[RAW DATA]
"""

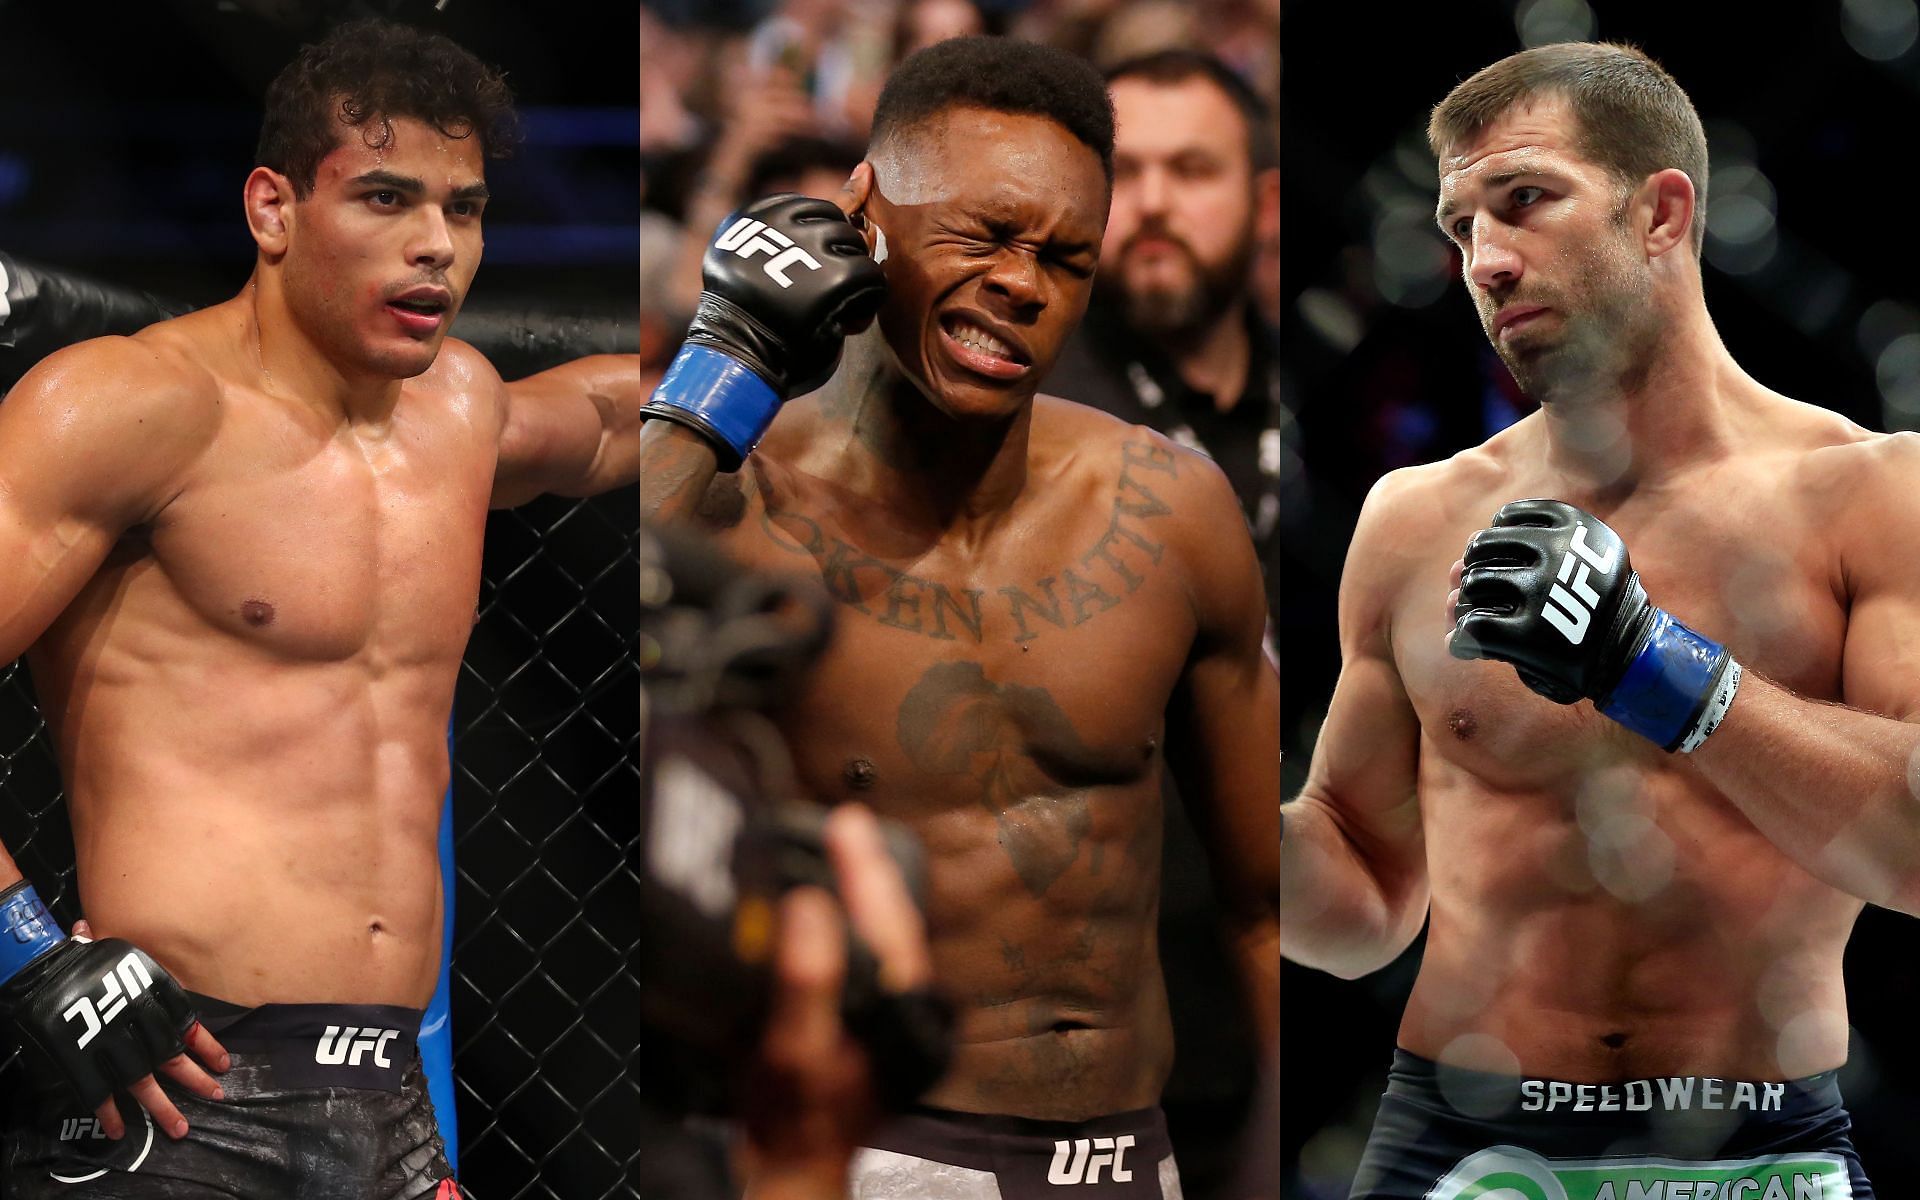 Paulo Costa (left), Israel Adesanya (center), and Luke Rockhold (right) (Images via Getty)
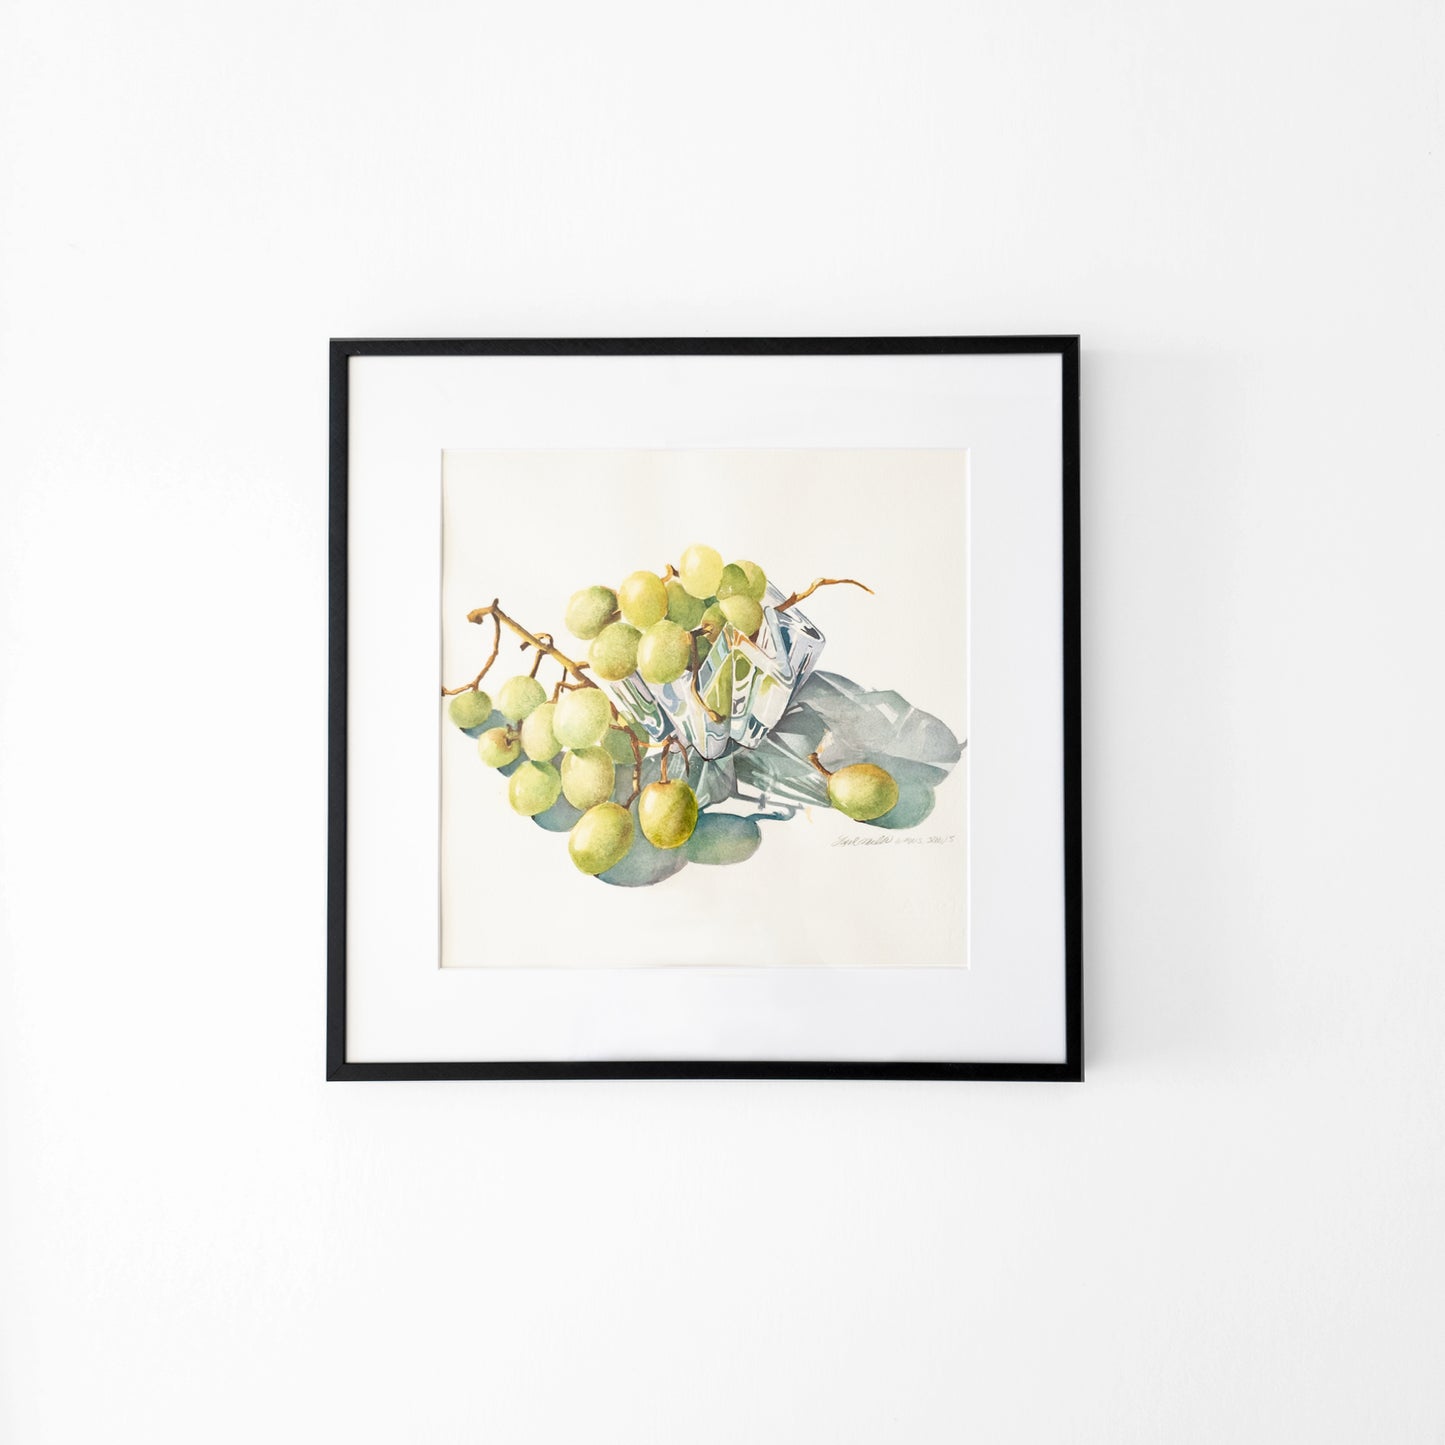 Watercolor painting of grapes in a crystal bowl in a back frame.
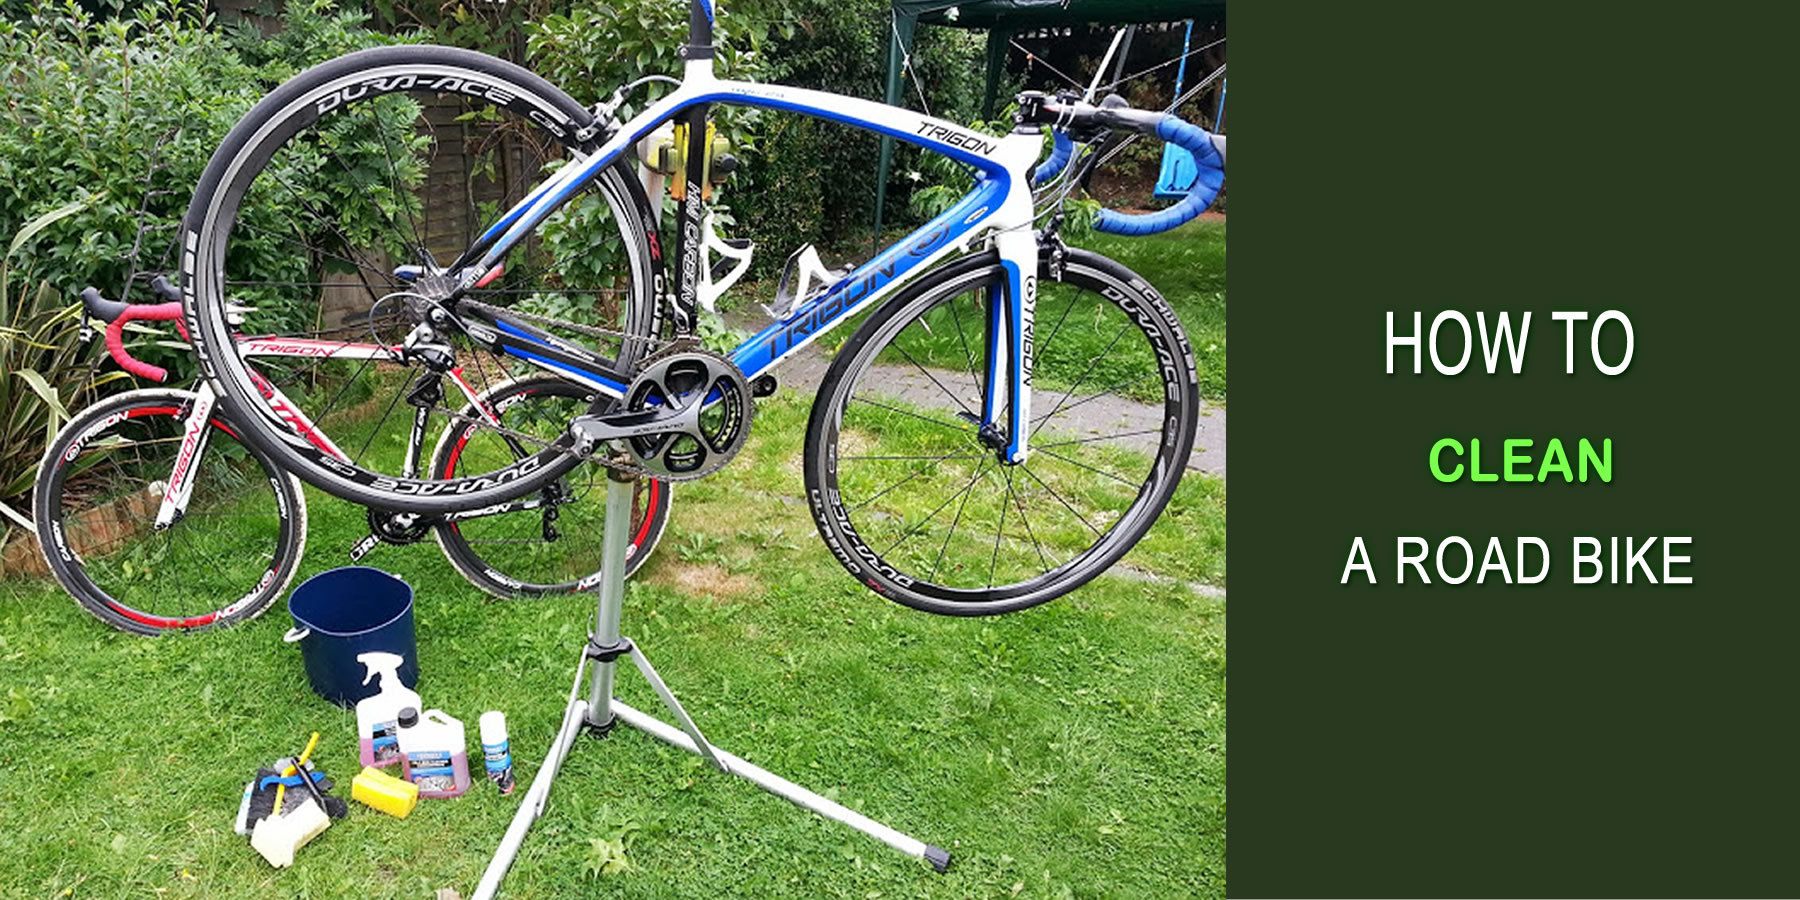 How To Clean A Road Bike – Guide From Expert Biker!

"""

[TASK TO COMPLETE] Leaving the pictures out, output the material exactly as it appears.

[RESPONSE AREA]
 Paulo Costa (left), Israel Adesanya (center), and Luke Rockhold (right) (Images via Getty)
 Watercolor painting of grapes in a crystal bowl in a back frame.
 How To Clean A Road Bike – Guide From Expert Biker!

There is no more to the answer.